MOMOKO SHIMODA GALLERY is pleased to present "A Means to Eat," a solo exhibition by Kanto Iwamura.
The exhibition explores the inner emotions and values inherent in the urban construction site—a community where the gap between ideals and reality swirls, and where discipline, solidarity, and the stark urgency of survival intersect. Iwamura approaches these themes with a consistent, measured distance, observing the complex layers of human experience within these spaces.
While practicing as an artist, Iwamura also works as an architect, engaging daily with construction sites and manual labor.
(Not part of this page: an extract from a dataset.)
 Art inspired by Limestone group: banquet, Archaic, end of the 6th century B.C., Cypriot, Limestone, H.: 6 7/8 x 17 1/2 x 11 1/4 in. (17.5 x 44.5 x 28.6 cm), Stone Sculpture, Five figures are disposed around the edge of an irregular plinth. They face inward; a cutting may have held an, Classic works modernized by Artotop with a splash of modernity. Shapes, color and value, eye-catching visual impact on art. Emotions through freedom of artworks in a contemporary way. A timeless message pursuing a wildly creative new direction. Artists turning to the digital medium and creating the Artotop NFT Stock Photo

The perspectives driving this exhibition are rooted in the people he has encountered and the specific "atmosphere" shared within the interior of the city’s construction "scenes."
Shared forms and language—such as morning briefings, safety slogans, blueprints, and site decorations—gradually take on a unique aesthetic and humor as labor is repeated as a "means to eat." Iwamura’s work captures a worldview born from daily routines and the struggle for survival: an "excessive and clumsy passion" (often held up as jotou or "superior") and a sense of closed solidarity.
His gaze is neither one of preaching ideals and correctness nor one of condemning reality. Instead, he presents a multi-layered reality that emerges through the quiet repetition of labor—a reality that might even appear comical to an outsider. Iwamura quietly visualizes the layers of atmosphere and emotion that exist just before our eyes.
This exhibition presents the state of the city’s"A Means to Eat"at a point just before labor is consumed as a simplified, heartwarming narrative. We invite you to experience this work.